The entry point is usually modest: start with a well-structured IIoT data pipeline from your PLCs through OPC UA to a historian or cloud platform, then layer model-based analytics on top as confidence and ROI justify it.
Can a Digital Twin Run Simulations?
Yes — and this is where the terms genuinely overlap.
A mature digital twin platform contains simulations internally. The model itself is a simulation: it uses physics equations, machine learning, or lookup tables to predict behavior. When you run a what-if scenario against the twin — "what happens to bearing temperature if I increase spindle speed by 15%?" — you are running a simulation inside the twin.
The difference is the starting condition. A standalone simulation starts from design assumptions or a known initial state. A twin's embedded simulation starts from the current live state of the real machine, calibrated by years of operational data. That makes the twin's simulation far more accurate for operational decisions, but it also means the twin cannot exist until the asset has been built and run.
In practice, engineers often use both tools sequentially:
- Simulation during design and commissioning — validate the control program, train operators, run virtual FAT.
- Digital twin during production — monitor health, optimize performance, run calibrated what-if analysis.
Some platforms deliberately bridge both phases. Siemens TIA Portal with PLCSIM Advanced can export a tested PLC program and its virtual model into the MindSphere-connected twin workflow. PTC Creo simulation artifacts can feed ThingWorx operational twins. The toolchain is maturing to support a continuous thread from design simulation to live twin.
Frequently Asked Questions
What is the difference between a digital twin and a simulation?
A simulation is an independent model that predicts system behavior based on defined inputs — it runs without any connection to a physical asset. A digital twin is a virtual representation of a specific, real, operating asset that is continuously updated by live sensor or controller data. The live data connection is the defining difference: a simulation models what could happen; a digital twin mirrors what is currently happening.

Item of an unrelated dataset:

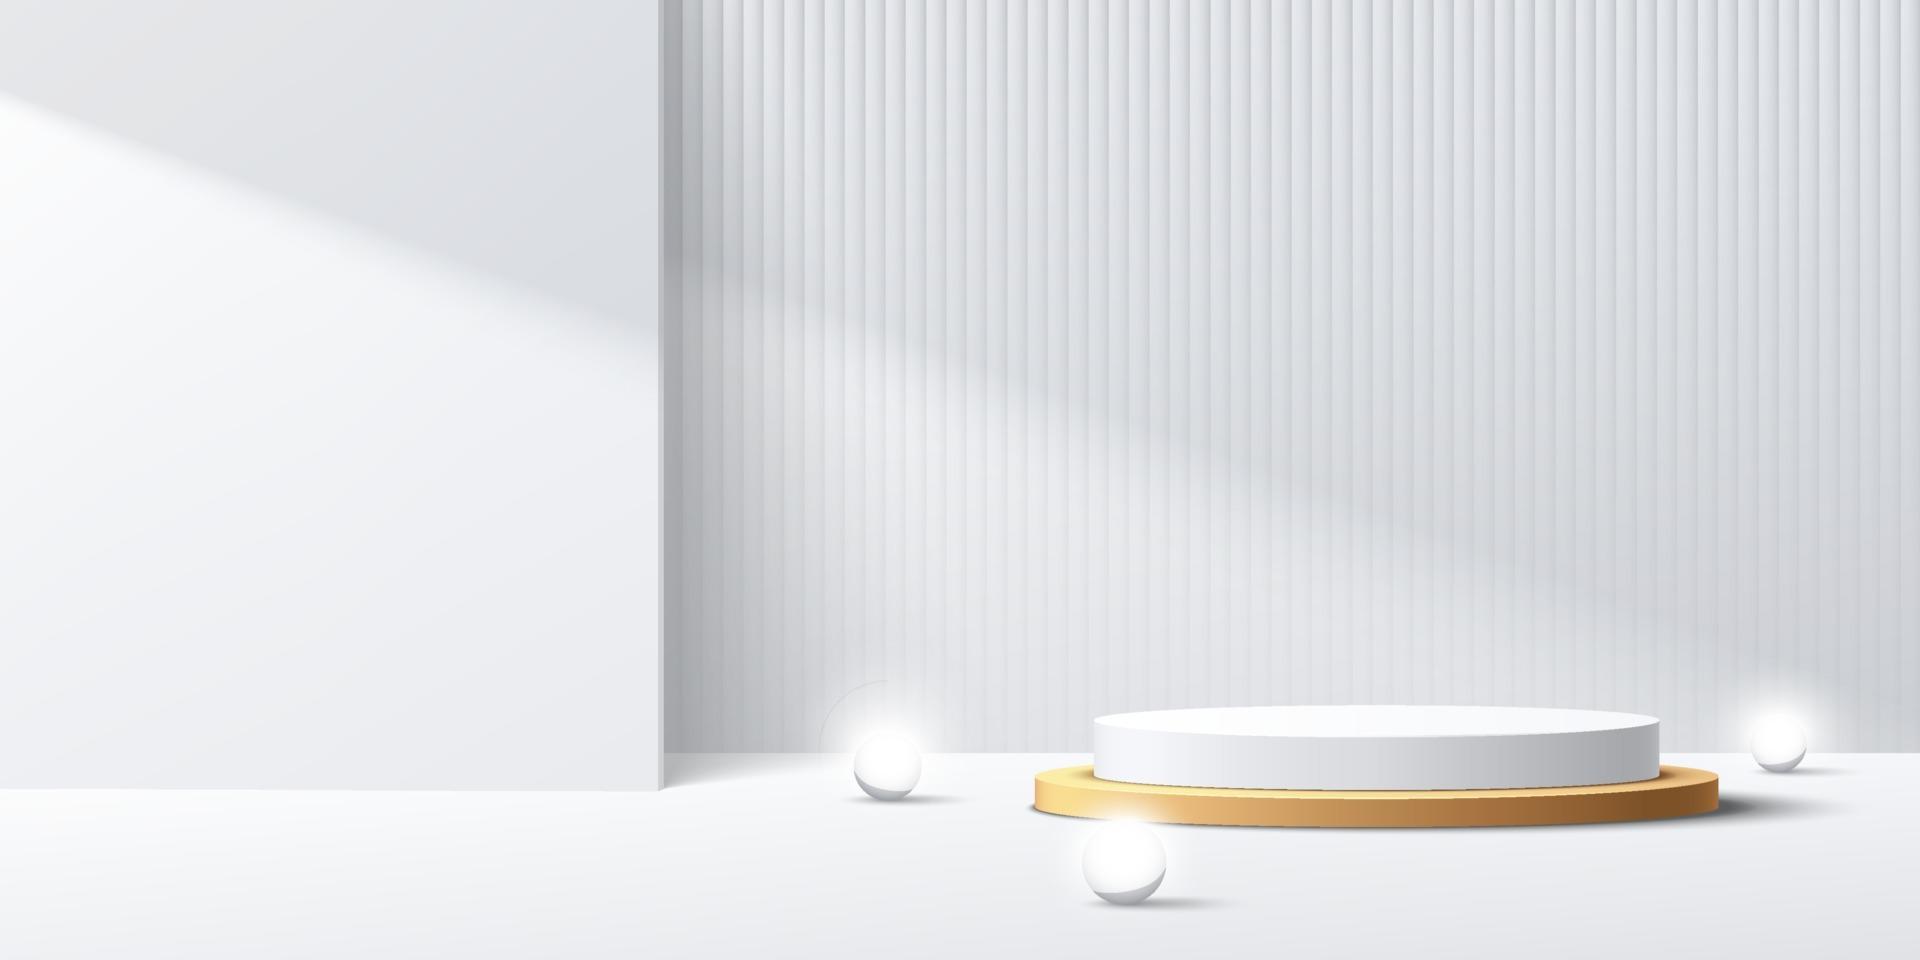 moderno podio de pedestal cilíndrico blanco y dorado con esfera de neón. Escena mínima blanca abstracta. Telón de fondo de textura de rayas verticales en la sombra. Representación vectorial Presentación de exhibición de productos de forma 3D. vector
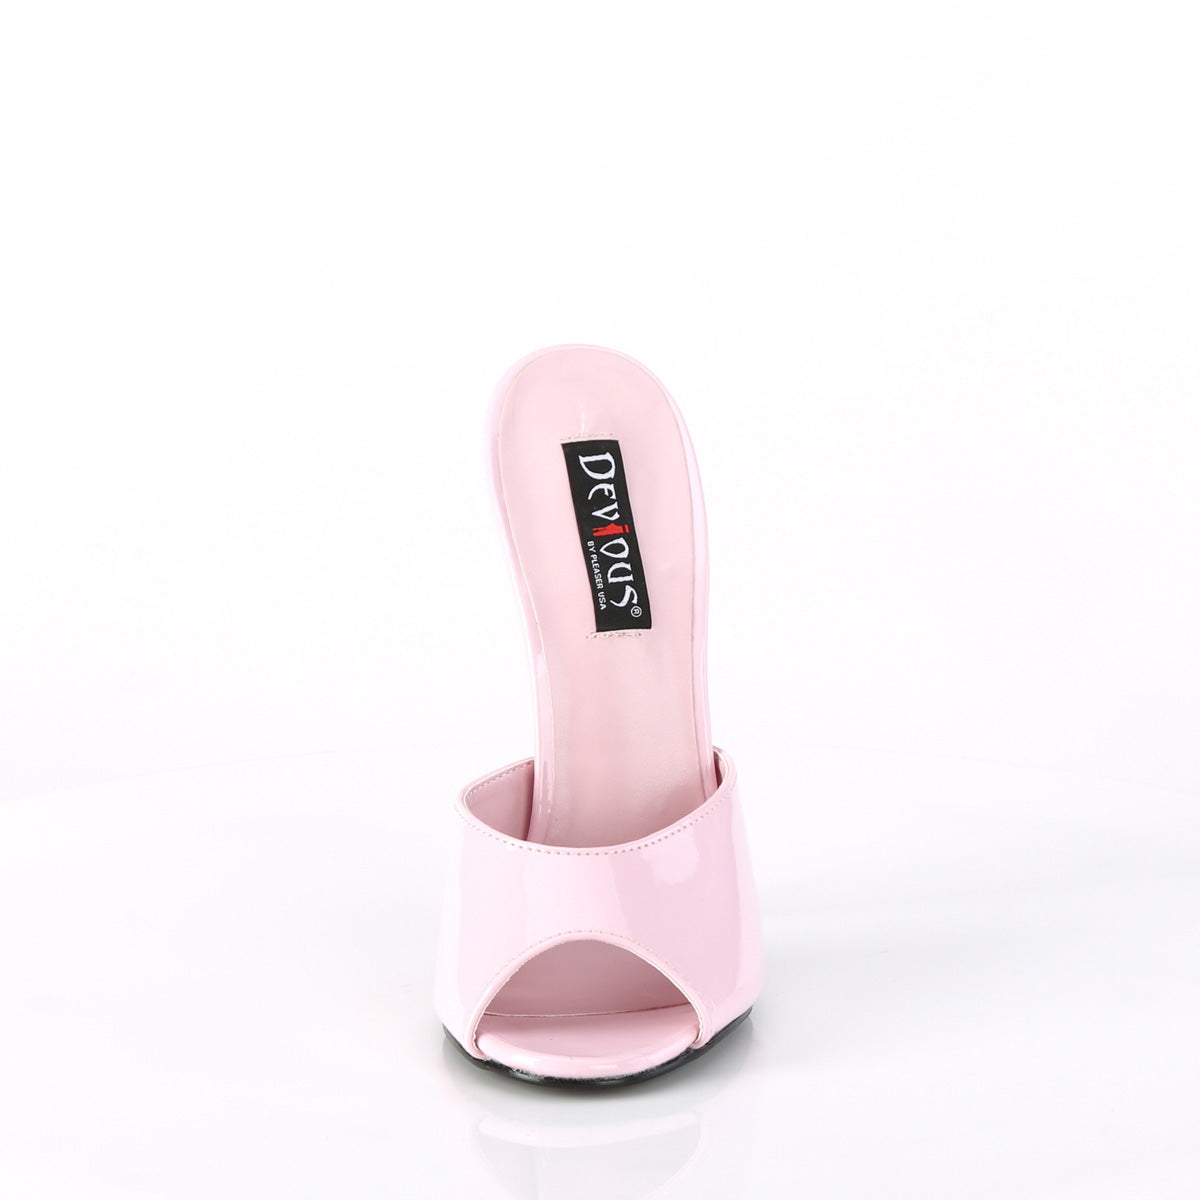 6 Inch Heel DOMINA-101 Baby Pink

Is a digital twin a simulation?
A digital twin contains simulations internally, but it is not simply a simulation. The distinction is the live data tether. A simulation can exist and run entirely without a physical counterpart. A digital twin, by definition, requires a real, operating asset that feeds it live data. When that data connection is removed, the twin degrades to a (well-calibrated) simulation.
When should you use a digital twin instead of a simulation?
Use a digital twin when the asset already exists and is operating, when you need continuous real-time visibility into its state, and when the business case justifies the infrastructure investment — predictive maintenance on critical equipment, multi-site asset monitoring, or live process optimization. Use a simulation beforehand: during design, pre-commissioning, virtual FAT, and operator training, where no live asset exists yet or where it is unsafe or impractical to experiment on real hardware.
Can a digital twin run simulations?
Yes. A digital twin's internal model is itself a simulation, and most twin platforms allow you to run what-if scenarios against the current live state. The advantage over a standalone simulation is accuracy: the twin's model is continuously calibrated against real operational data, so its predictions start from the actual current state of the machine rather than design-time assumptions. This makes in-twin simulations more reliable for operational decisions, while standalone simulations remain the right tool during design and pre-commissioning phases.